Kur'an-ı Kerim ve Türkçe Meali Sayfa 140
95. Taneyi ve çekirdeği yaran Allah dır. Ölüden diriyi çıkarıyor ve diriden de ölüyü çıkaran O dur. İşte Allah böyle olduğu halde, siz (O ndan başka ilahlar) uyduruyorsunuz.
96. Sabahları da (gecenin içinden) sıyırıp çıkaran, geceyi dinlenmek için, güneşi ve ayı bir hesapla var eden O dur. Bunlar her şeyi bilen ve her şeye güç yetirenin planlamasıdır.
97. Karanın ve denizin karanlıklarında onlarla yolunuzu bulmanız için yıldızları yaratan da O dur. Bunları bilen bir topluluğa ayetlerimizi böyle açıklıyoruz.
98. Sizi tek bir nefisten (aynı cinsten) yaratan, yer yüzünde ne kadar kalacağınıza ve yer yüzünden ne zaman ayrılacağınıza karar veren de O dur. Anlayan bir topluma ayetleri böyle açıklıyoruz.
99. Gökten suyu indiren, o suyla her türlü bitkileri çıkaran da biziz. O bitkileri yeşillikler halinde çimlendiririz, sonra o çimlenen bitkilerden tohumlarını aynı özellikte çıkarırız. Hurma ağaçlarının dallarından salkım salkım hurmalar, üzüm bağlarından üzümler, zeytinler ve narlar ki, onların bazısı aynı, bazıları da farklı tatlarda olan bu meyveleri çıkaran biziz. O ağaçlara meyve verdiklerinde (çağla halinde) ve birde meyveleri olgunlaştığında bir bakın. İşte bunlarda inanan bir toplum için işaretler vardır.
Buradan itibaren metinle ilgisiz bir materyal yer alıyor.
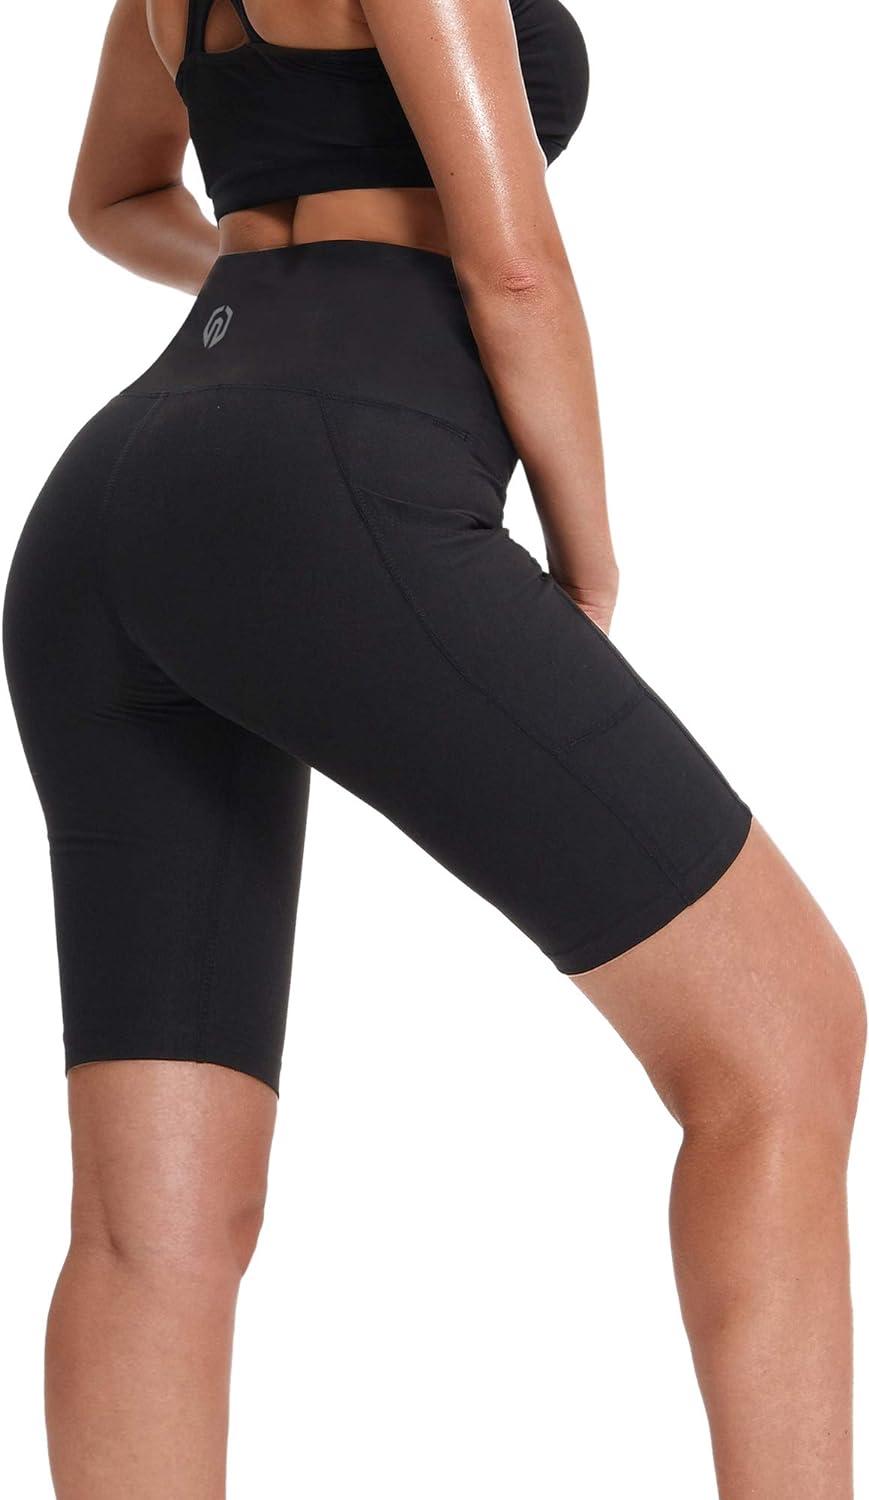  NELEUS Womens 3 Pack Yoga Shorts High Waist Running  Compression Shorts

100. Onları Allah yarattığı halde, bilmedikleri, tanımadıkları şeyleri (cinleri) Allah'a ortaklar koştular ve bilgisizce "Allah'ın oğulları ve kızları var" diye yalan uydurdular. Allah onların vasıflandırdıkları şeylerden çok yüce ve uzaktır.
101. Göklerin ve yerin yaratıcısı O olduğu halde, O'nun nasıl çocuğu olabilir, hem O'nun hayat arkadaşı (eşi) de olmamıştır. Her şeyi yaratan, her şeyi bilen O'dur.